Possible Topics for Discussion:

• The nature of scientific theories

• The nature of mathematical models

• The importance of proof in mathematics

• The mathematical model of communication theory

• The nature of encoding information

• Entropy: a measure of the information conveyed from a source to a recipient

• Shannon's fundamental theorem for the noiseless channel (channel capacity)

• Language, meaning, understanding and information theory

• The noisy channel: error detection and correction

• The use of multidimensional space to characterize channel capacity

If there is some aspect of Pierce's book or information theory in general which you would like us to discuss, please post a comment about it below.

Join or login to comment.

  • Martin C.

    I found a book on information theory that I think is pretty good, A Student's Guide to Information Theory http://www.amazon.com/Students-Coding-Information-Theory-Hardcover/dp/B00I2FY2QI/ref=sr_1_1?s=books&ie=UTF8&qid=1404899086&sr=1-1 I am still reading it, but so far I have really enjoyed it. It is less than 200 pages, but it is fairly dense in math, containing proofs along with examples and exercises. I looked ahead in the book and saw that it contains a proof of the Huffman code creating the shortest average code length. The math required is high school level.

    July 9

  • Lynn

    Sorry, too tired for this one.

    1 · June 28

  • CJ F.

    Tomorrow we will discuss Pierce's book on Information Theory. Reading the book is optional. You can read this & the previous comments to prepare a little.

    Chapter 9 explains & sketches the proof of an important theorem about a noisy continuous channel.The formula C = W log(1 + P/N) where C is the channel capacity, W is the bandwidth or the width of a band of frequencies as measured in cycles per second (hertz) "gives the rate at which we can transmit binary digits with negligible error over a continuous channel in which a signal of bandwidth W and power P is mixed with a white Gaussian noise of bandwidth W and power N."

    The quotient P/N can be regarded as the ratio of signal power to noise power. So we can increase C by increasing W or P. Why does use of more frequencies increase communications performance? With infinite frequencies, can we get infinite capacity for communications? Did you grasp the proof that most of the volume of a high dimensional sphere is near its surface? Wow!

    June 27

  • CJ F.

    Tomorrow we will discuss Pierce's book on Information Theory. If you haven't been able to read the book, instead you can read this comment and some of the preceding ones which discuss highlights & questions about the book.

    In Chapter 8 Pierce explains the astonishing (that's Pierce's word not mine!) result known as Shannon's fundamental theorem for a noisy channel. The theorem states (p. 164) "that when the entropy or information rate of a message source is less than this channel capacity, the messages produced by the source can be so encoded that they can be transmitted over the noisy channel with an error less than any specified amount." Wow: we can transmit messages effectively if only our channel is big enough to accommodate the information content of our messages! Really?

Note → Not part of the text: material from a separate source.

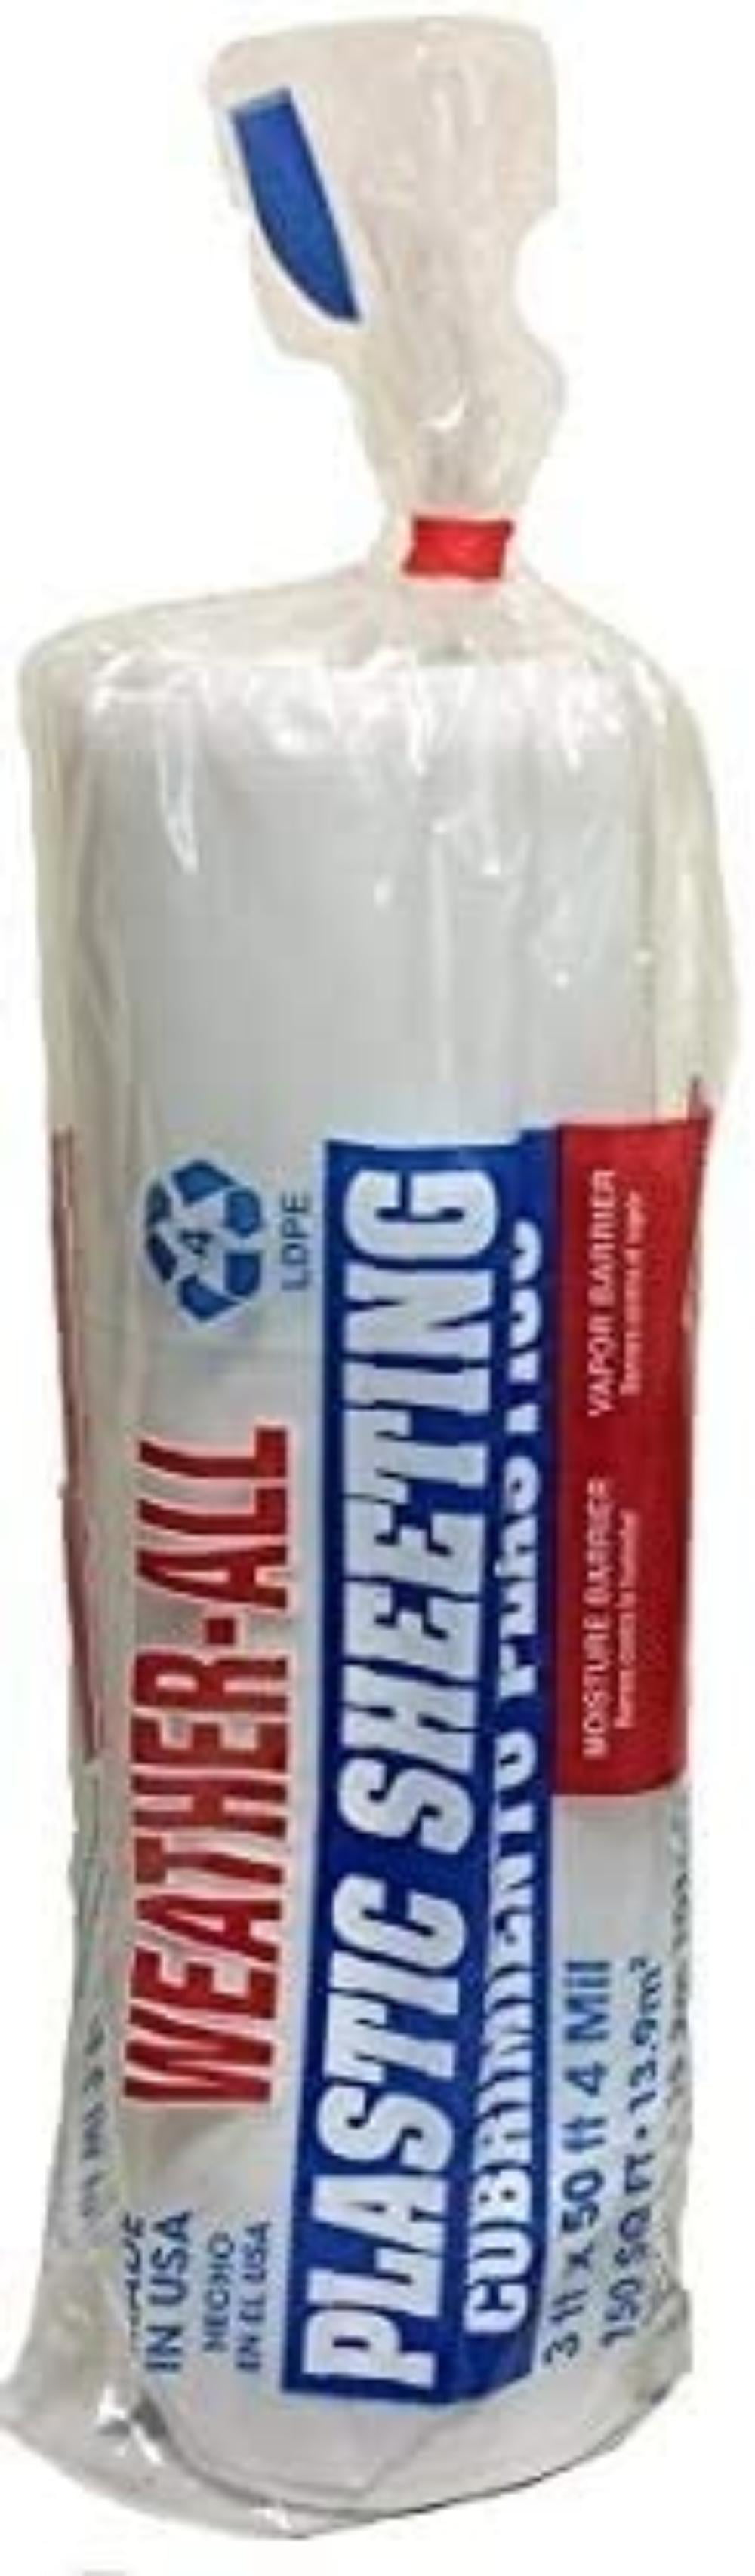 TRM Manufacturing 40350C Weatherall Visqueen Plastic Sheeting Clear Drop Cloth 3 Wide x 50 Length x 4.0 mil Thickness

    On p. 157 Pierce sketches the proof of this theorem. Did you follow the proof? Does it make sense? Pierce says "One information theorist has characterized this mode of proof as weird." Is it weird? Is it valid?

    June 27

  • CJ F.

    Since reading Pierce's book on "Information Theory" is not required to attend Saturday's discussion, I'm providing notes so those who can't read it by Sat will have some things to think about.

    Chapter 4 covers coding & bits: essential material that I assume most of us know. Chapter 5 on Entropy gets very interesting. Although other sources motivate the subject by reference to Boltzmann's entropy formula in thermodynamics, Pierce wants us to see the information theoretic notion of entropy afresh using the question of the efficiency of encoding a message as a driving example. In this view entropy is the amount of information or the average number of bits (per symbol or per second) "necessary to encode the messages produced by the source".

    Is a pure information theoretic approach to entropy helpful?

    Is the formula for entropy as the negative of the sum of the products of certain probabilities times their logarithms intuitively justifiable? Can you explain it better than the text?

    June 25

    • Martin C.

      I was hoping the book would have provided an intuitive feel for the formula for product of probabilities times log of probabilities. I have yet to see an intuitive explanation. How did Shannon arrive at that equation? I am wondering if it fell out of a more mathematical analysis, perhaps from an investigation into the desired properties that a measure of information needs to have.

      June 26

    • CJ F.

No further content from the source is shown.